- Civil War era Navy Medal of Honor
- Born: 1844 Rochester, New York
- Died: July 20, 1877 (aged 32–33) Rochester, New York
- Place of burial: Holy Sepulchre Cemetery (Rochester, New York)
- Allegiance: United States
- Branch: United States Navy
- Service years: 1863 - 1865, 1867 - 1870
- Rank: Seaman
- Unit: USS Signal
- Conflicts: American Civil War • Red River Campaign
- Awards: Medal of Honor

= Timothy O'Donoghue =

Timothy O'Donoghue (1844 - July 20, 1877) was a Union Navy sailor in the American Civil War and a recipient of the United States military's highest decoration, the Medal of Honor, for his actions during the Red River Campaign.

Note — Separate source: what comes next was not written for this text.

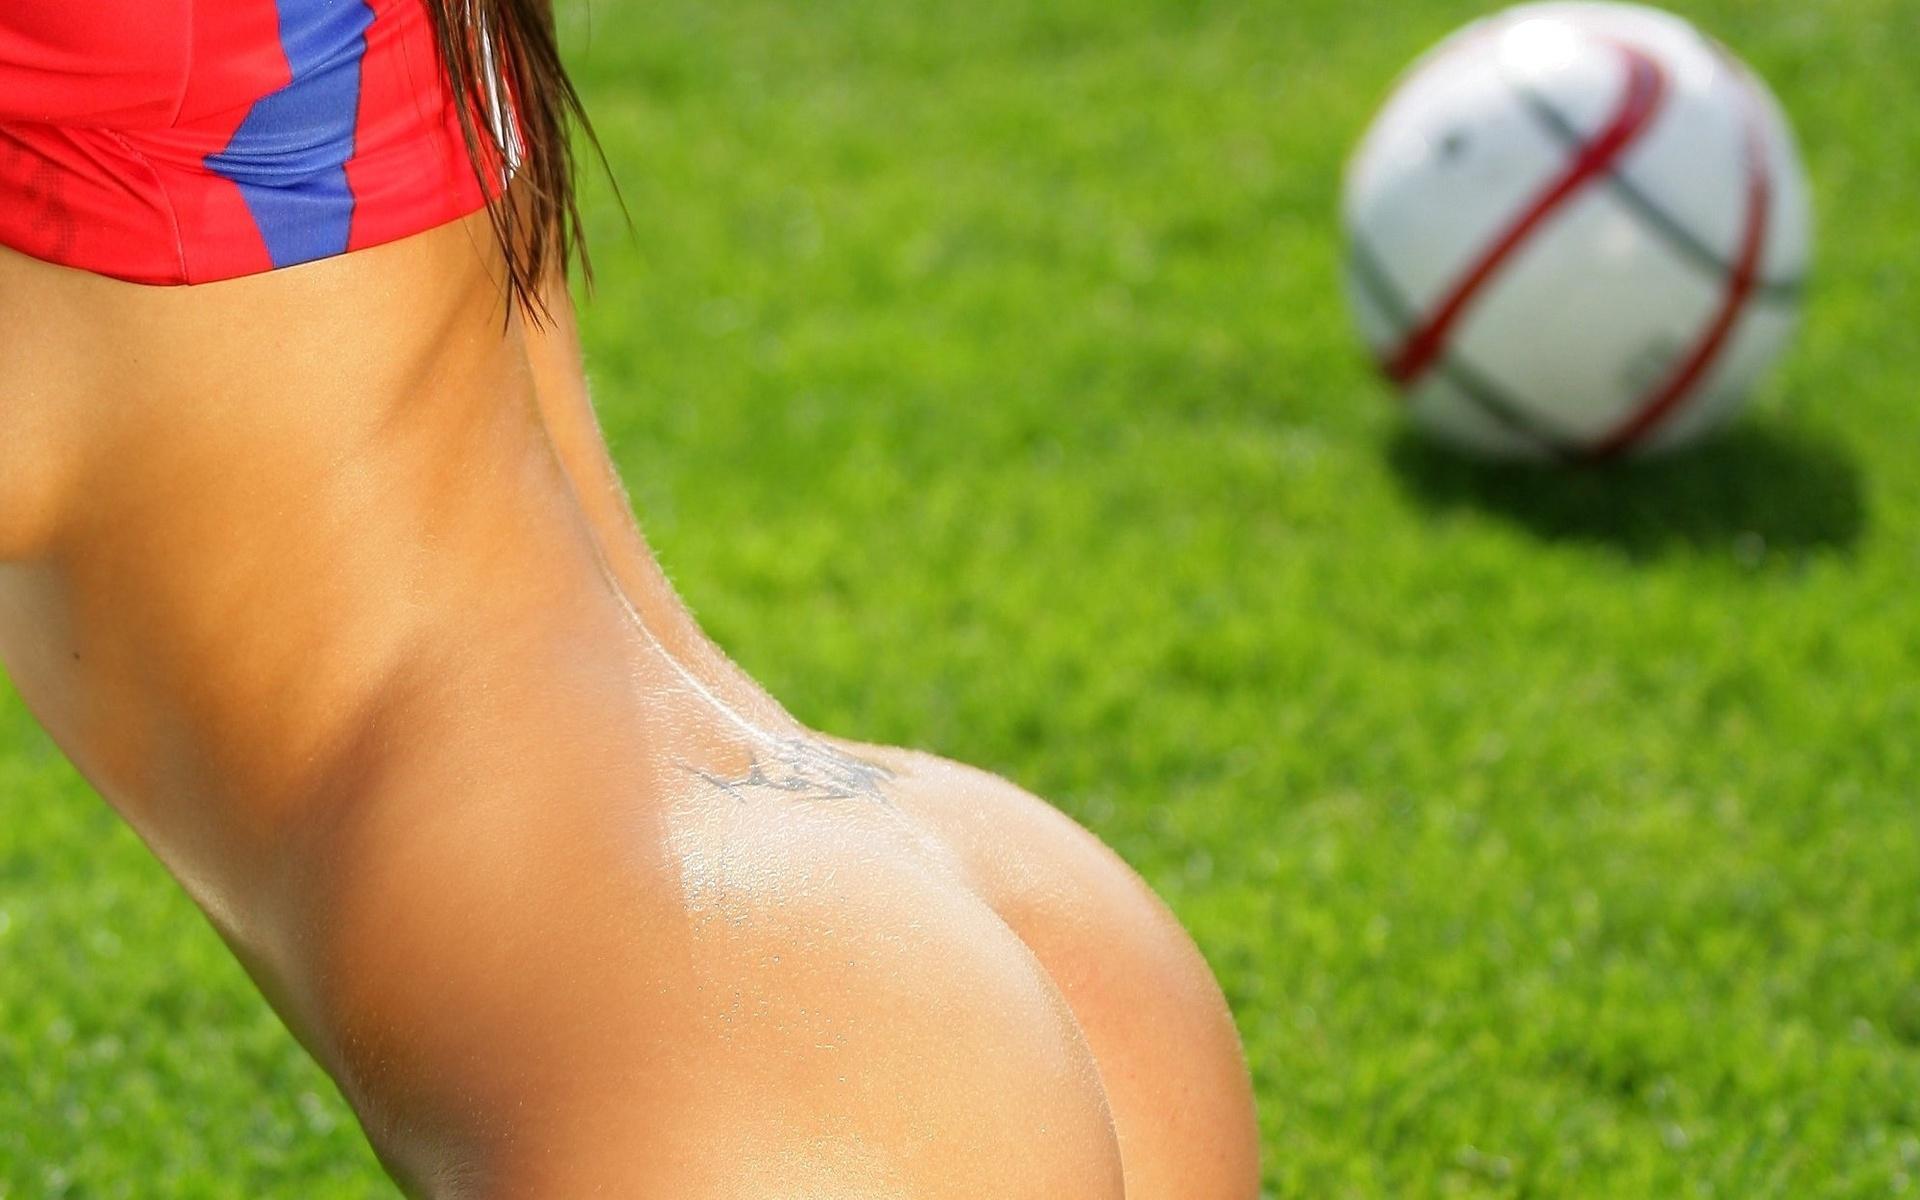 Футбол девушки эротика 6 фотография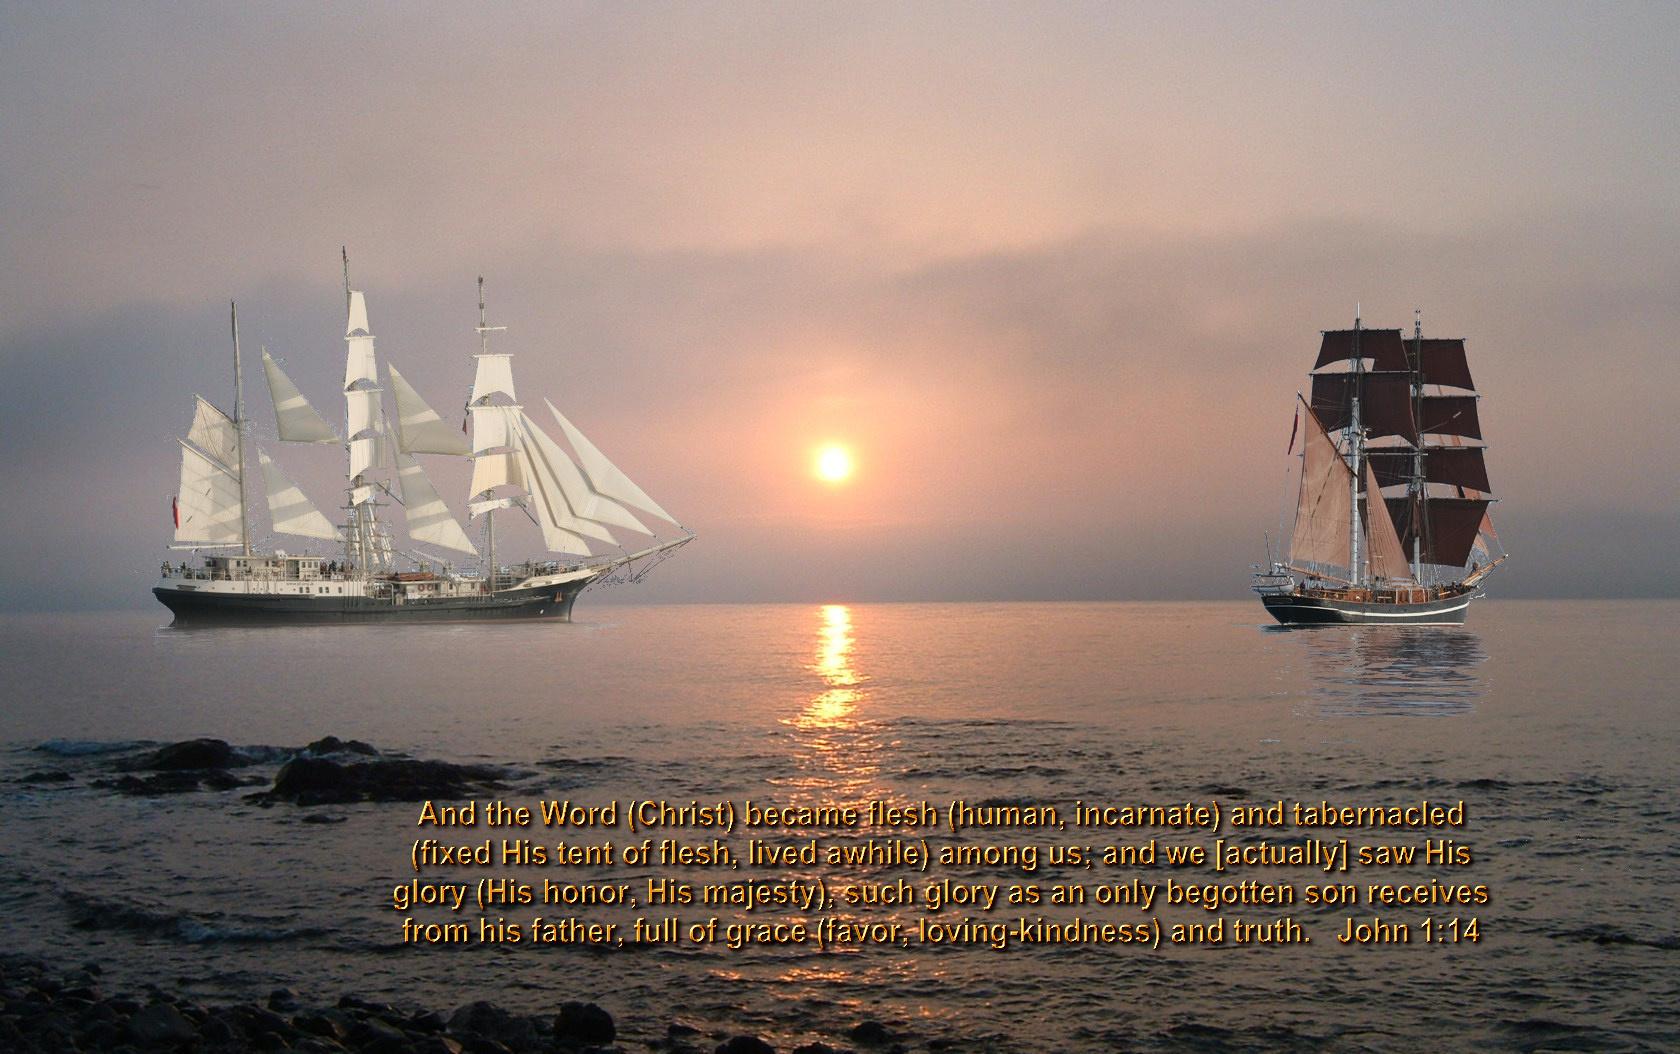 Kjv Bible Verses Wallpaper 1680x1054 pixel Popular HD Wallpaper 1680x1054

Born in 1844 in Rochester, New York, O'Donoghue joined the Navy in August 1863. He served as a seaman and boatswain's mate on the . On May 5, 1864, during an engagement with Confederates on the Red River in Louisiana, Signal took heavy fire and was disabled. Although wounded early in the battle, O'Donoghue remained at his post as gun captain until being ordered to withdraw. For this action, he was awarded the Medal of Honor seven months later, on December 31, 1864. O'Donoghue left the Navy in March 1865, but served again from May 1867 until May 1870.

O'Donoghue's official Medal of Honor citation reads:
Served as boatswain's mate on board the U.S.S. Signal, Red River, 5 May 1864. Proceeding up the Red River, the U.S.S. Signal engaged a large force of enemy field batteries and sharpshooters, returning the fire until the ship was totally disabled, at which time the white flag was raised. Serving as gun captain, and wounded early in the battle, O'Donoghue bravely stood by his gun in the face of enemy fire until ordered to withdraw.